## [What is required]
Copy, word for word, the lines of the listing below from the line with "lauren muckler photography_fine" up to and including the line with "GP de France". Drop the pictures.

** Given entries follows **

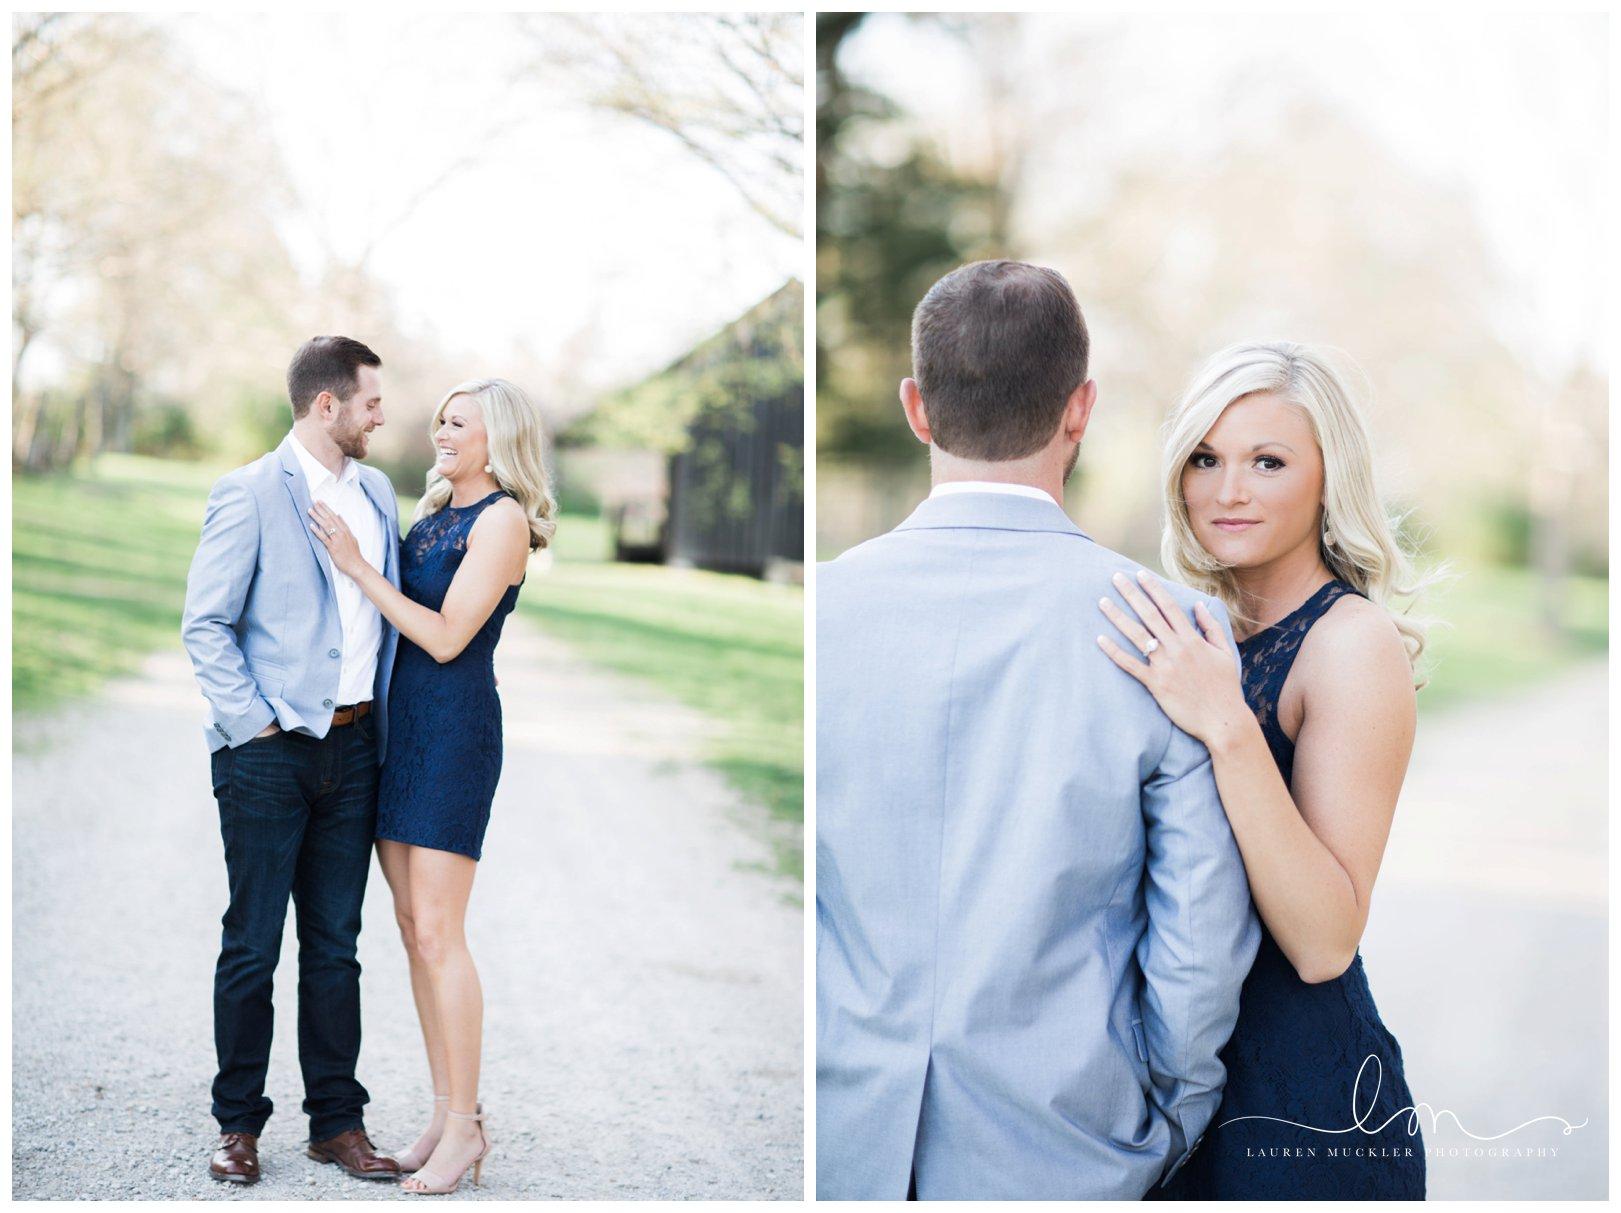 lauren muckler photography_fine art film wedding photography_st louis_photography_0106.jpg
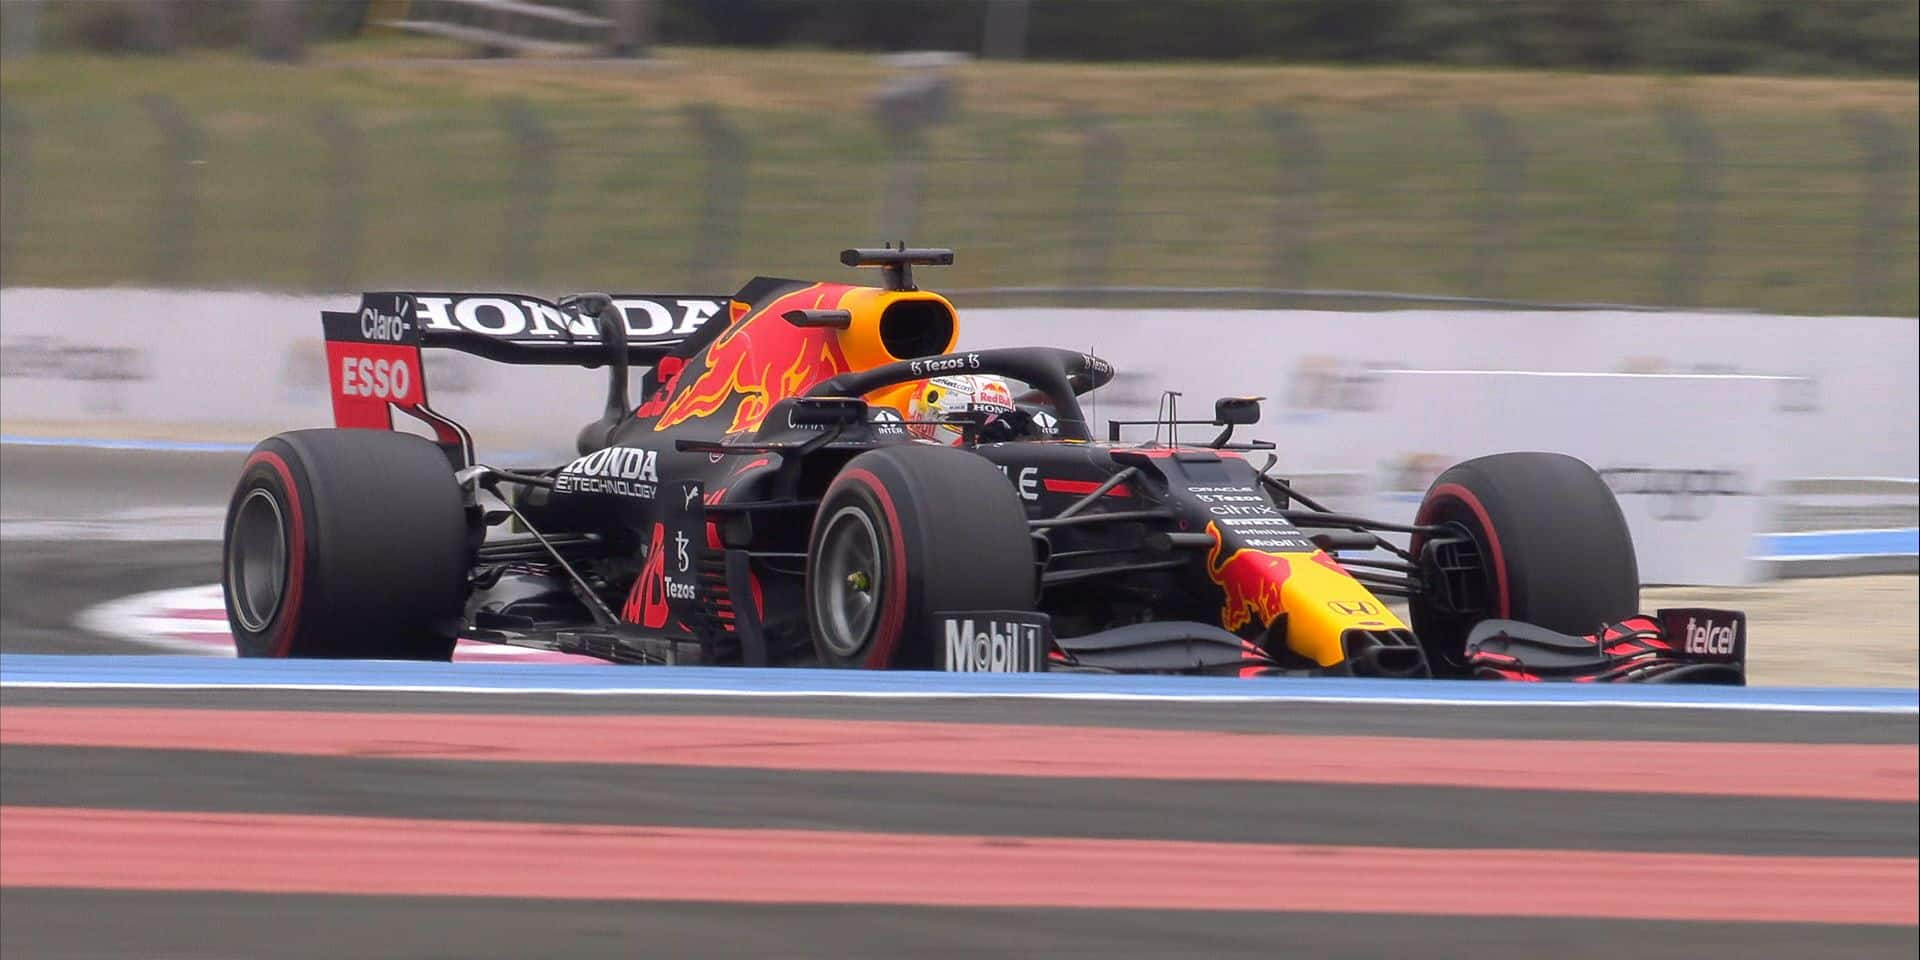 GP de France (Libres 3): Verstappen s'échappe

** End of Given entries **
** Given entries follows **

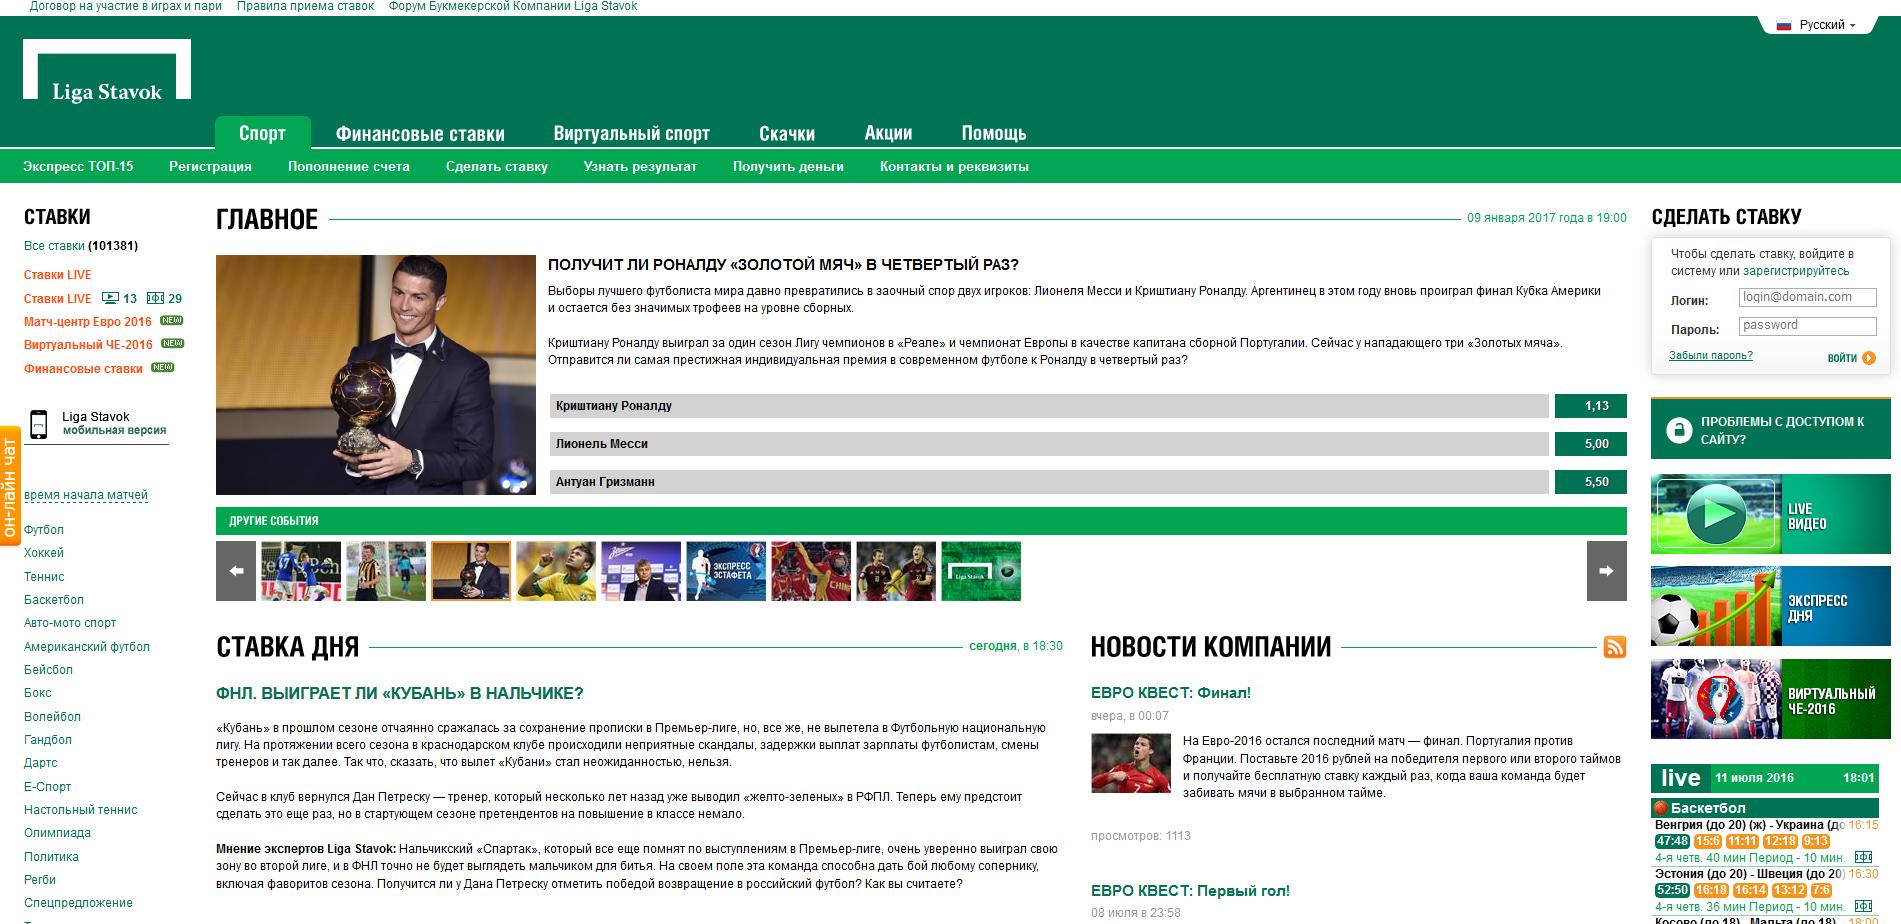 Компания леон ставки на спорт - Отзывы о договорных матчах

** End of Given entries **

## [Written response]
 lauren muckler photography_fine art film wedding photography_st louis_photography_0106.jpg
 GP de France (Libres 3): Verstappen s'échappe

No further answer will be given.